MAPE (Mean Absolute Percentage Error):

MAPE measures the average of the absolute percentage errors between actual and predicted values.

$$MAPE = \frac{1}{n} \sum_{i=1}^{n} \left| \frac{y_i - \hat{y}_i}{y_i} \right| \times 100$$

• $y_i$= actual value

• $\hat{y}_i$ = predicted value

• $n$ = number of observations

Example

Actual values:[100, 200, 300]
Predicted:[90, 210, 310]

$$MAPE = \frac{1}{3} \left( \frac{10}{100} + \frac{10}{200} + \frac{10}{300} \right) \times 100 \\ = \frac{1}{3} (0.1 + 0.05 + 0.0333) \times 100 = 6.1\%$$

MASE (Mean Absolute Scaled Error)

MASE compares the model's prediction error to the error of a naïve forecast (usually the one-step lagged actuals).
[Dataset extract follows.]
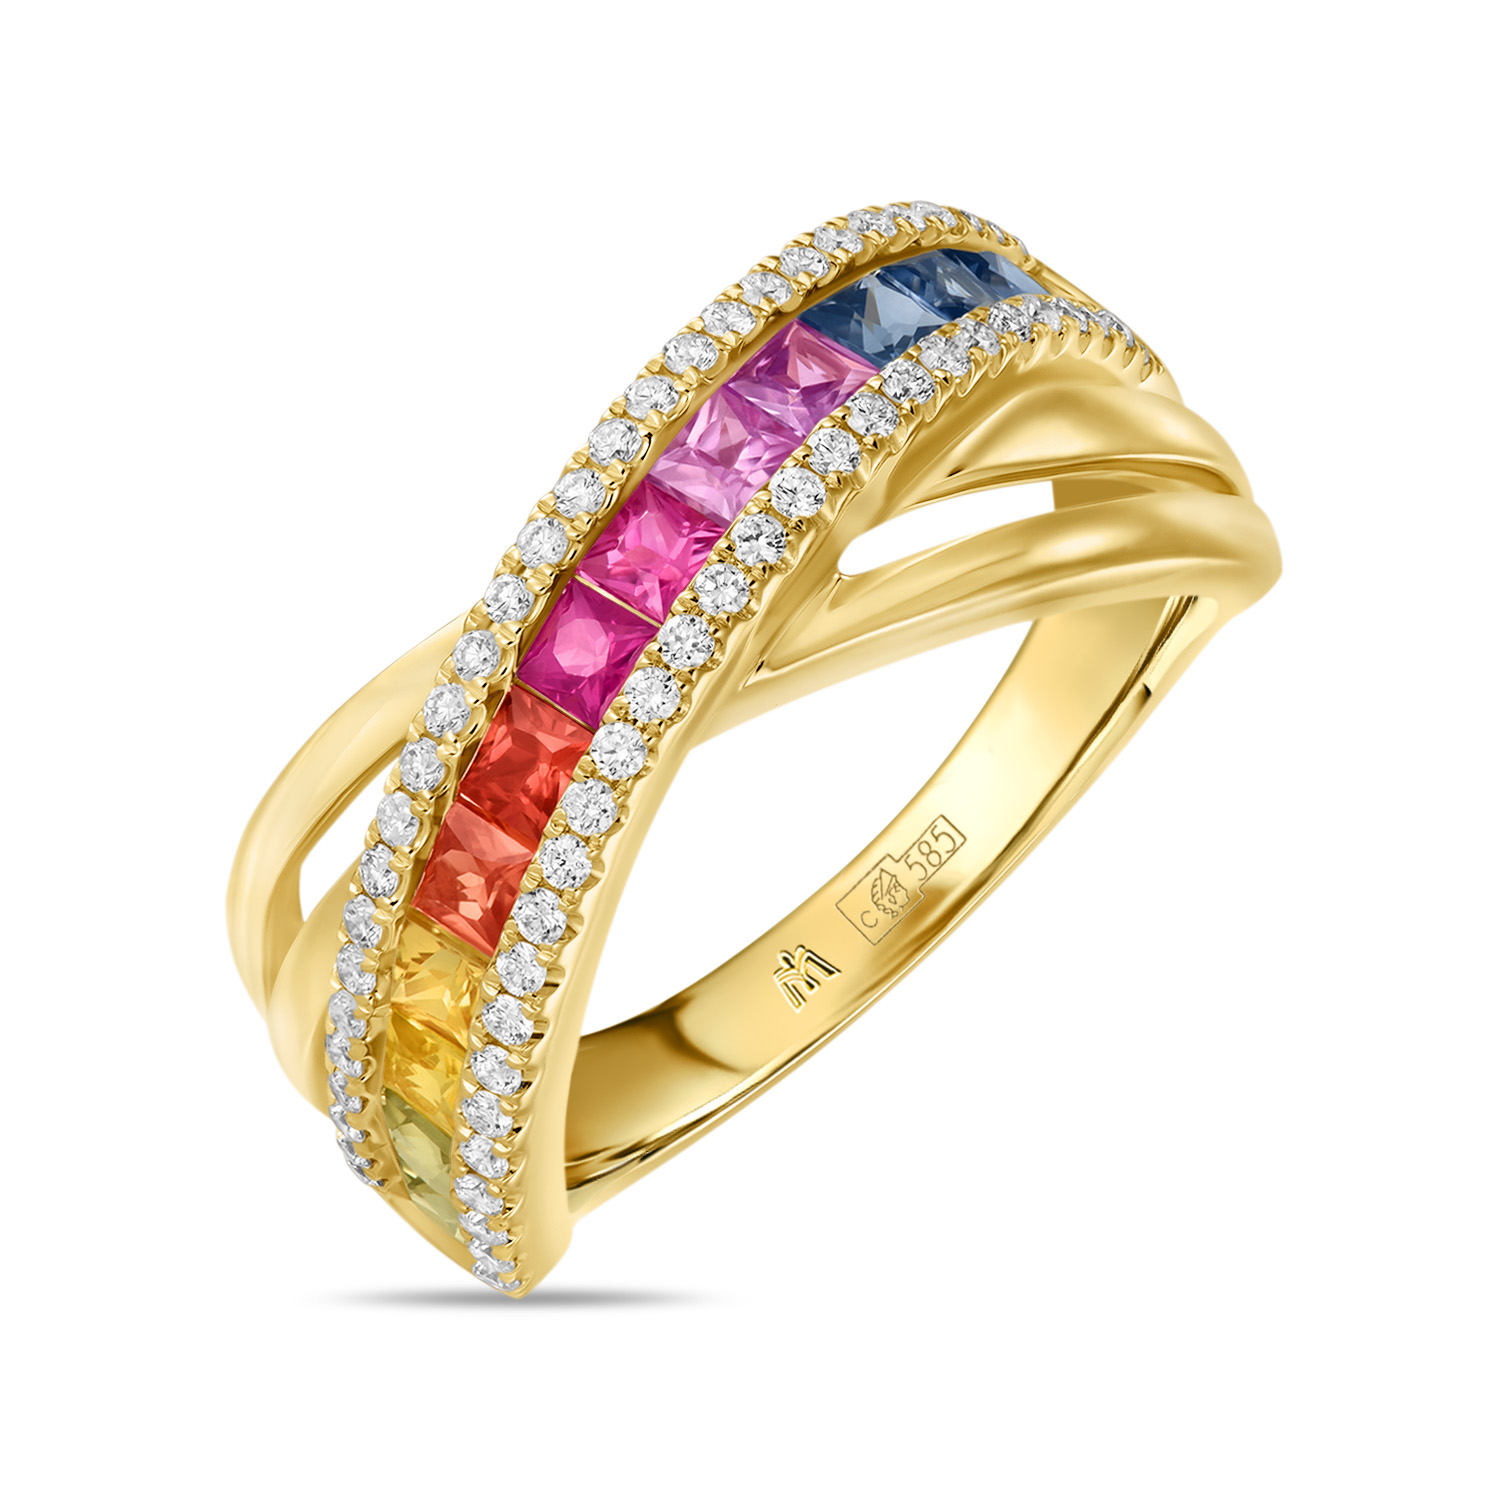 Кольца МЮЗ Кольцо с бриллиантами, сапфирами и цветными сапфирами кольца мюз кольцо с бриллиантами и цветными сапфирами

It scales the mean absolute error (MAE) of your forecast by the mean absolute error of the naïve forecast.

$$\text{MASE} = \frac{\frac{1}{n} \sum_{t=1}^{n} |y_t - \hat{y}_t|}{\frac{1}{n-1} \sum_{t=2}^{n} |y_t - y_{t-1}|}$$

• $y_t$= Actual value at time $t$

• $\hat{y}_t$ = Predicted value at time $t$

Example (Small Forecast Series):

Actual:[100, 110, 120, 130]

Predicted:[98, 111, 118, 129]




Model MAE = average of |100-98|, |110-111|, |120-118|, |130-129| = (2+1+2+1)/4 = 1.5

Naïve MAE = average of |110-100|, |120-110|, |130-120| = (10+10+10)/3 = 10

$$MASE=\frac{1.5}{10}=0.15\mathrm{<br>}\mathrm{<br>}\mathrm{<br>}\mathrm{<br>}\mathrm{<br>}\mathrm{<br>}\mathrm{<br>}\mathrm{<br>}$$

• MASE < 1: Your model is better than the naïve forecast.

• MASE = 1: Your model performs the same as the naïve forecast.

• MASE > 1: Your model is worse than the naïve forecast.